Don’t get me wrong – I had the same reaction as everyone else when I saw The Sun last Friday morning. Whatever the facts turn out to be about this tragic case, it was appalling to see pictures of a 13-year -old boy “Dad” cradling a tiny baby while playing with a PlayStation.

My first reaction was to check that everything was being done locally to make sure the young lad, the teenage mum and the baby are safe, properly protected and that they get all the support they need. These young people should be in school studying, not on the pages of the newspapers.
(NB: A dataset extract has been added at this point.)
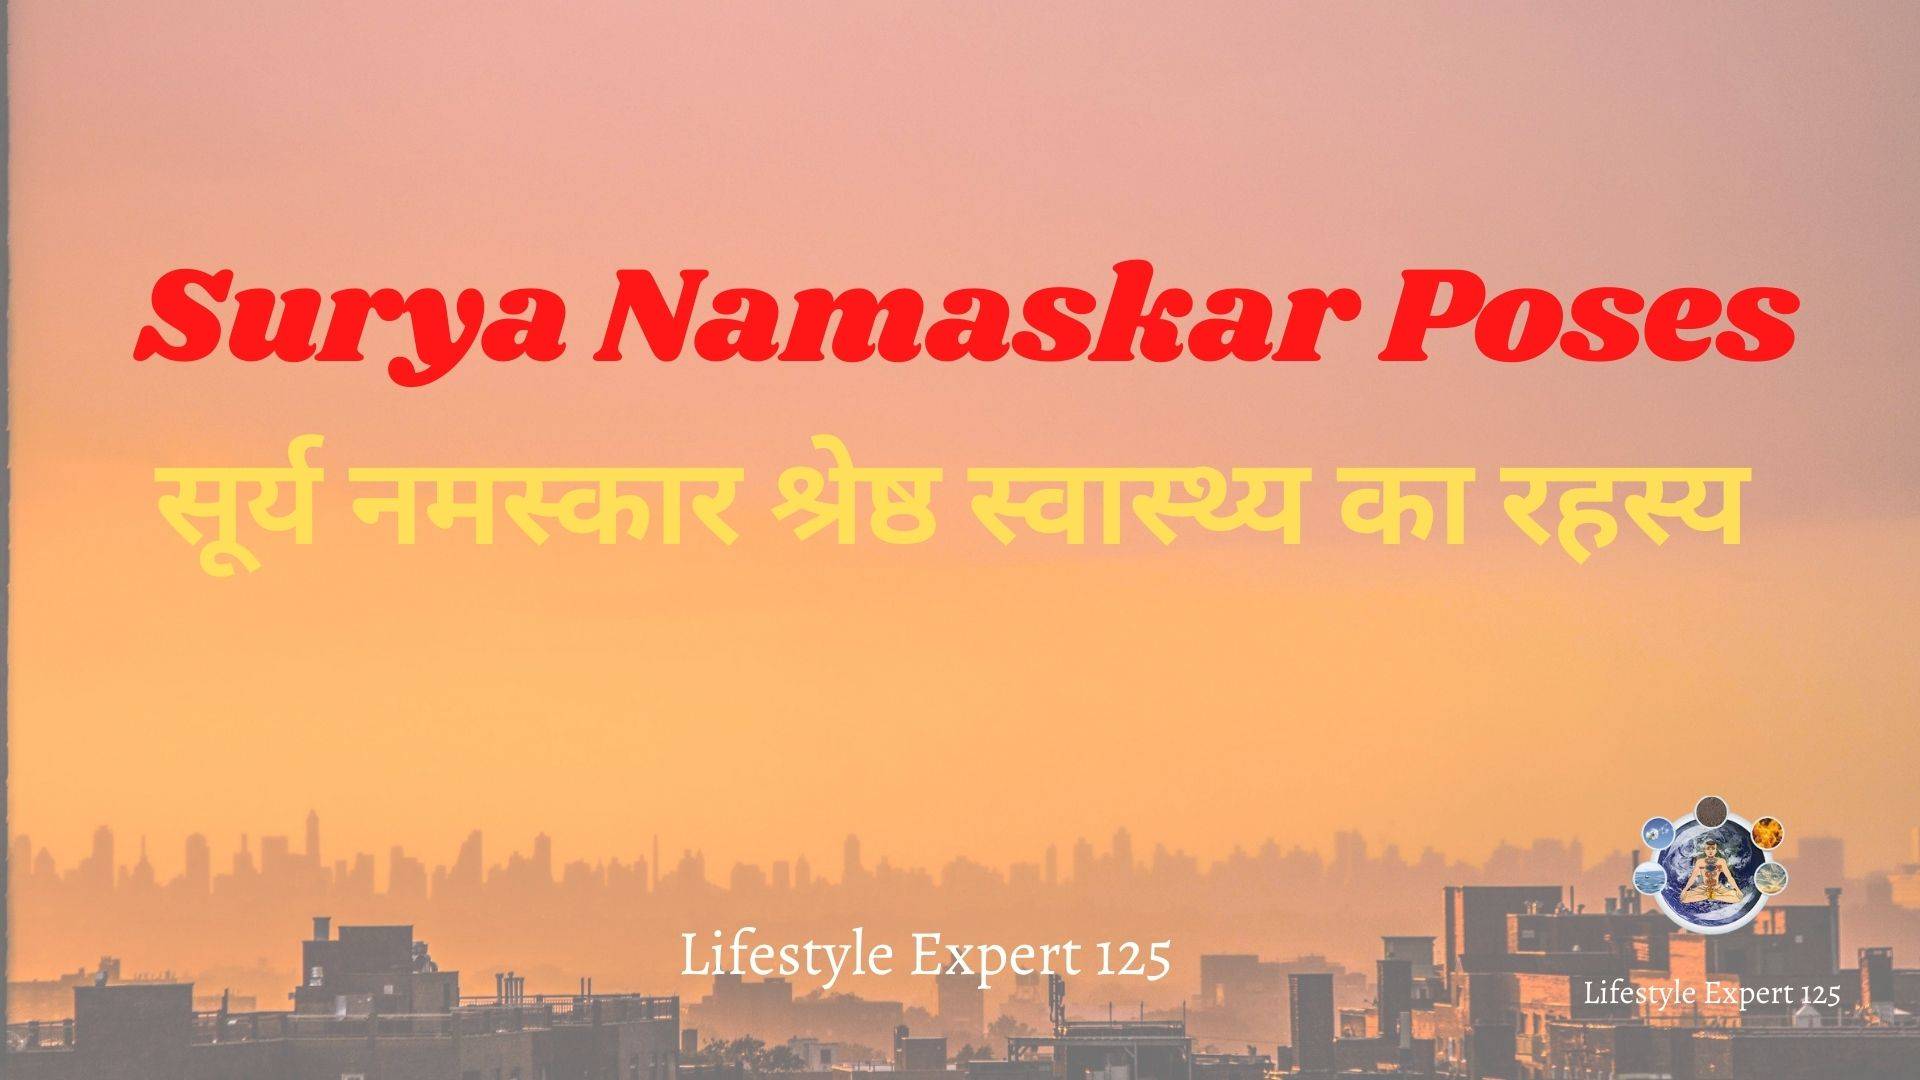 Surya Namaskar Poses

This case brings home to me how vital it is as a society that we do everything we can to keep teenage pregnancies coming down. We’ve got the lowest level of teenage pregnancies for 20 years – but this is still too high. Which is why the schools minister, Jim Knight, is now making sex and relationship education compulsory in every school for every child.

But the idea that this tragic case means “Britain is broken” is absurd. As was Cameron’s shocking claim in a Sunday newspaper that the appalling way in which Karen Matthews locked-up and abused her daughter, Shannon, could well be repeated by the five million mothers who currently receive income-related benefits.

So now is the time to expose and stand up against this Tory slur that “Britain is broken” and that the Tory leader is somehow a great social reformer.

First, the IDS strategy simply ignores the facts. Over the past decade, teenage pregnancy rates have fallen. So has child poverty. And thousands more young people are volunteering. Yes, there are some parents who don’t take their responsibilities seriously – and have to be made to do so. There are also a small minority of young people who persistently break the law. And it is right that the criminal justice system is tough when they do.

But these Tory “broken Britain” claims are not only highly offensive to the vast majority of parents who do a great job bringing up their kids; they are also totally unfair on the vast majority of law-abiding young people who work hard at school, play by the rules and, in my experience, deeply resent these attacks.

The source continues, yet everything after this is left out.